En América del Norte o del Sur, la figura del “cementerio indio” sintetiza bien lo que tal siniestro tendal de cadáveres pisoteados por el espíritu de la historia representa en términos anímicos y energéticos. Hablamos de esa clase de lugar que inquieta, incluso, a los más convencidos acerca de la importancia de la civilización sobre la barbarie; la clase de zona donde, en lo posible, no se debe caminar o construir una casa ni, como advierte Stephen King, enterrar otro tipo de muertos. De vuelta en una sala del Museo Doctor Adolfo Alsina, entre las túnicas masónicas del Teniente General Nicolás Levalle, héroe local y cabecilla del exterminio, un mapa de la época ubica, a primera vista, medio centenar de “batallas” alrededor de las olvidadas líneas de frontera y sus zanjas. Es fácil adivinar el hilo de las sucesivas masacres y el riego continuo de sangre india sobre cada punto del terreno al alcance de la vista. “Defenderemos Carhué hasta la última lanza”, dijo Calfucurá en su última batalla.

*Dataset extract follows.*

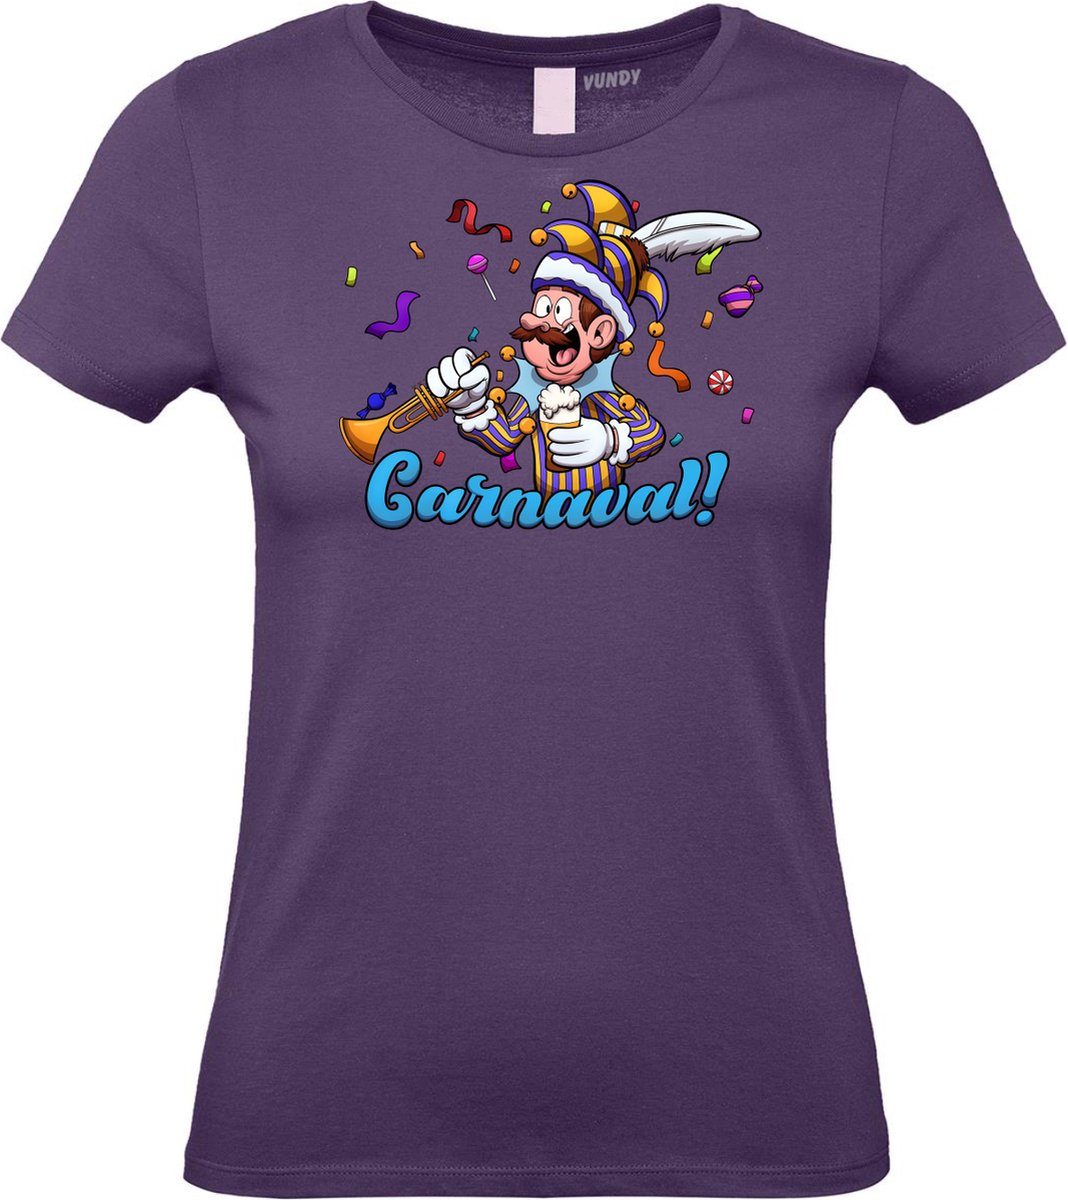 Dames T-shirt Carnavalluh | Carnaval | Carnavalskleding Dames Heren | Paars | maat S

Pues bien, algo de eso hay, sin duda, en el aire sobre las ruinas momificadas de Villa Epecuén y en su sombra subterránea de sacrificios humanos.

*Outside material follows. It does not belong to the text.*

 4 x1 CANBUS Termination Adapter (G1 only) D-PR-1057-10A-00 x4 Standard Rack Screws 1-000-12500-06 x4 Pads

Estos hechos no son desconocidos ni deberían indignar. Y si causan algún revuelo, su naturaleza no se propaga entre los recicladores contemporáneos de identidades “originarias”, sino en los azares del catastro. ¿Cuáles son los nombres de las ciudades y los pueblos que la civilización logró fundar sobre los huesos anónimos de la barbarie? Al caminar dos cuadras en cualquier sentido por Carhué, el asunto toponímico se vuelve delicado. “Cabecera” del partido de Adolfo Alsina, la mente militar detrás de la famosa Zanja de Alsina, Carhué es el nombre ancestral (“lugar verde”, en mapuche) de lo que se fundó en 1877 como pueblo bajo el nombre Adolfo Alsina. Esta es la razón de que, ya sea por las reminiscencias del viejo pueblo o las jerarquías del partido bonaerense que encabeza, buena parte de la infraestructura pública de la ciudad remita al nombre Adolfo Alsina y no a Carhué. ¿A quién pertenece verdaderamente este espacio, entonces? En el plano espectral, es significativo apuntar que Adolfo Alsina, el hombre, durante una inspección a los fortines de la zona en 1876, se intoxicó en Carhué y perdió parte de sus funciones renales, por lo que en diciembre del año siguiente murió. El pueblo Villa Epecuén, por su lado, fue fundado en 1921. Pero el significado de su nombre ancestral, tomado del mismo lago que la devoró en 1985 y la vomitó en las décadas siguientes, se debate entre quienes interpretan lo que podría traducirse, también, como “casi asado”, por el efecto deshidratante de la sal. Malas para ser habitadas, malas para cualquier observador sensible de la historia del desierto argentino, malas para reducirse a un nombre unívoco en el mapa, el complejo Carhué-Villa Epecuén es malo, también, para la voracidad, en general diestra para reducirlo todo a un objeto comercial, de la industria del turismo.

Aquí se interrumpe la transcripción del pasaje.